USD/CHF Technical Analysis

The US Dollar looks set to appreciate further against the Swiss Franc following the release of the FOMC meeting minutes on Wednesday. Should bulls remain in control of USD/CHF, a retest of a long-term descending trendline may be on the cards near 0.9320. Wednesday’s trade also saw the pair cross back above the 50-day moving average (MA), indicating the possibility that the upside may continue. Should US Treasury yields back-off in the face of additional weak data, support may be found at the 50-day MA, or the 0.236 Fibonacci retracement level at 0.9129.

USD/CHF Daily Chart


Chart created with TradingView

EUR/CHF Technical Analysis

Bears remain firmly in control of EUR/CHF, as the pair fell to a fresh new yearly low at 1.0701. The pair closed Tuesday’s trade at the bottom end of a descending regression channel dating back to the March high, before bouncing on Wednesday to the previous yearly low from January. The move lower to a fresh yearly trough is significant, as the pair broke below the support zone near 1.0750, a level that had held for 2021 up until August.

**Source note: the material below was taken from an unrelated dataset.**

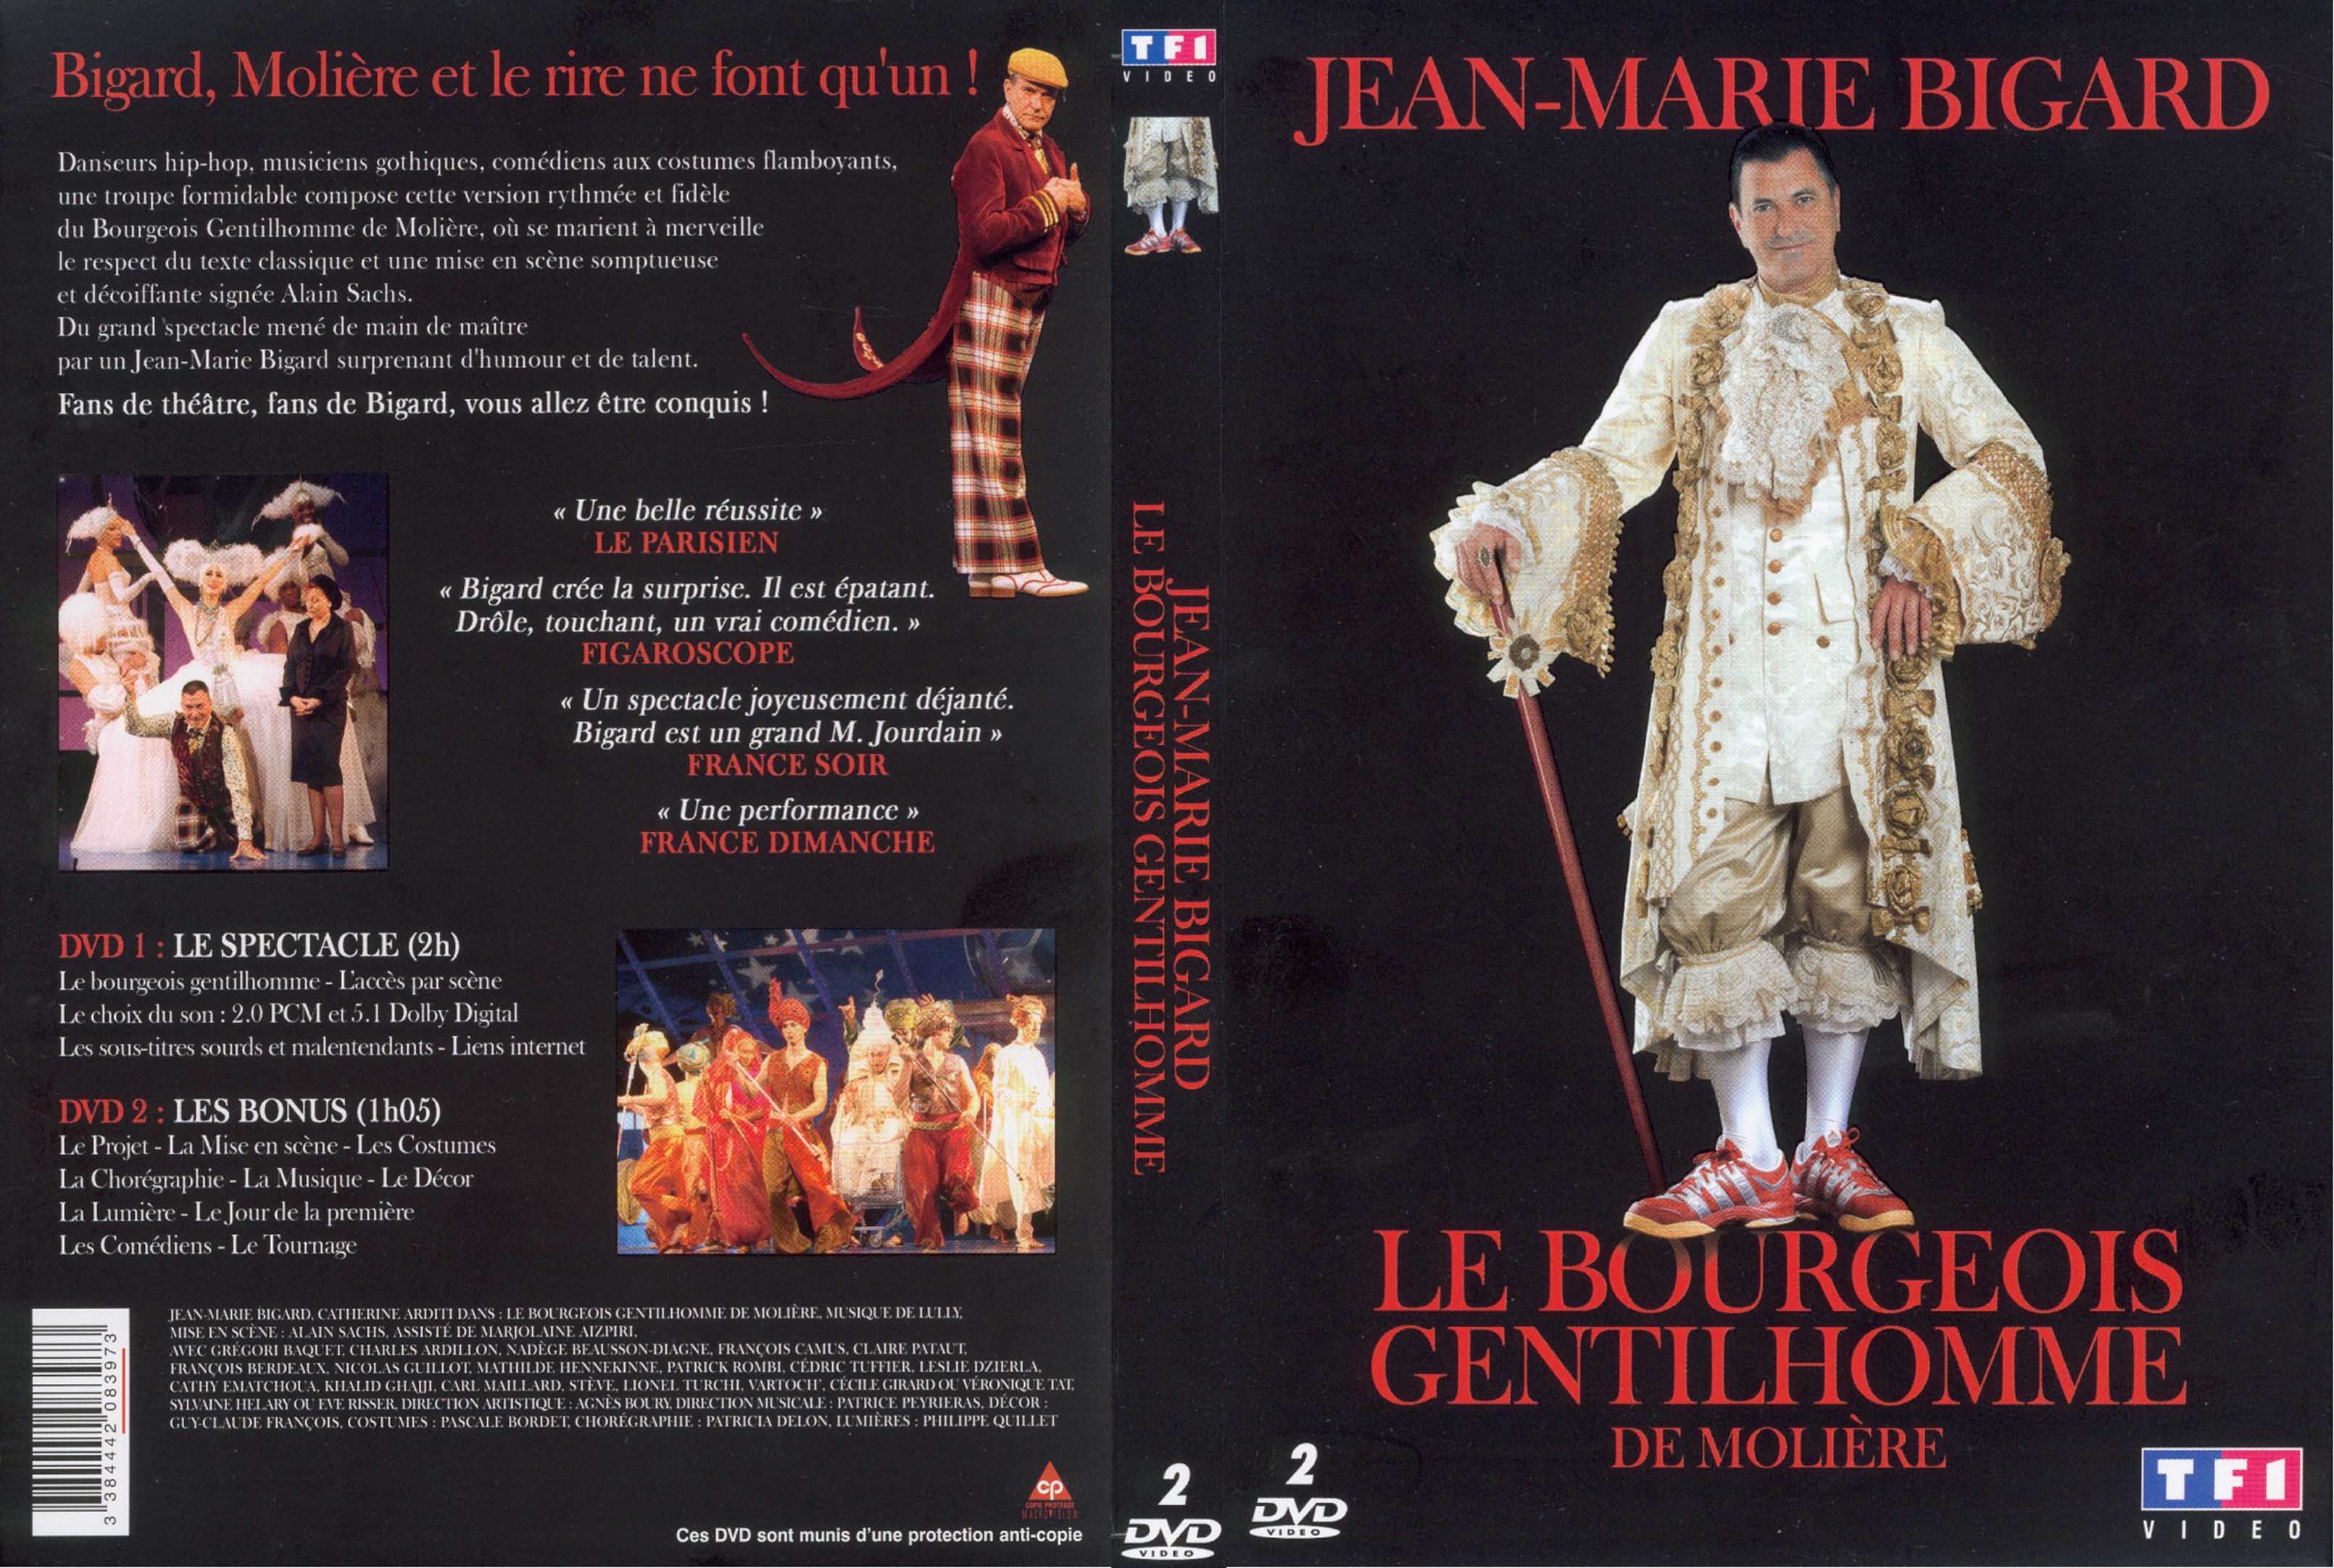 Jaquette DVD Bigard le bourgeois gentilhomme

Further confirmation of the downtrend comes in the formation of a “death cross,” which is when a short-term moving average falls below a longer-term moving average. The 50-day MA fell below the 200-day MA on August 2. A divergence in policy between the Fed and European Central Bank may bring continued Euro weakness, which may trickle into Euro crosses outside of EUR/USD.

EUR/CHF Daily Chart


Chart created with TradingView

CHF/JPY Technical Analysis

CHF/JPY finds itself constrained by a former resistance level at 119.806, which dates back to late April. During the massive runup in the pair through the first half of 2021, multiple bull flags formed during the breakout. The most recent of which occurred at the aforementioned 119.806 level. The breakout from that last flag saw the pair trade up to 122.771, a level from which it has since retreated. A bounce in safe-haven assets surrounding the Fed’s June “hawkish surprise” initiated the pair’s move lower, from which it has not yet recovered.

The pair has gyrated for much of the last few months, with the occasional breakout retracing to an ascending trendline dating back to the August 2020 swing high. Upside momentum has stalled at a falling trendline from the yearly high, with two separate tests recently being rejected. With the pair struggling to retake resistance at 119.806, a test of the trendline below may be on the cards. A break of that trendline, which has not yet materialized over the course of this move lower, may bring the 200-day MA into play at 188.395.

CHF/JPY Daily Chart


Chart created with TradingView

NZD/CHF Technical Analysis

The New Zealand Dollar continues to get slammed following the announcement that the entire country was entering “level 4” lockdown following the resurgence of Covid. No stranger to the party is the Swiss Franc, which has appreciated against the Kiwi for the last 5 sessions. Swiss Franc strength against the Kiwi has been present since March, with the pair trading within a descending channel since a fresh yearly high of 0.67669 was made on February 25. Since then, the Franc has been gaining steadily on its counterpart, chopping between the upper and lower bounds of the descending channel.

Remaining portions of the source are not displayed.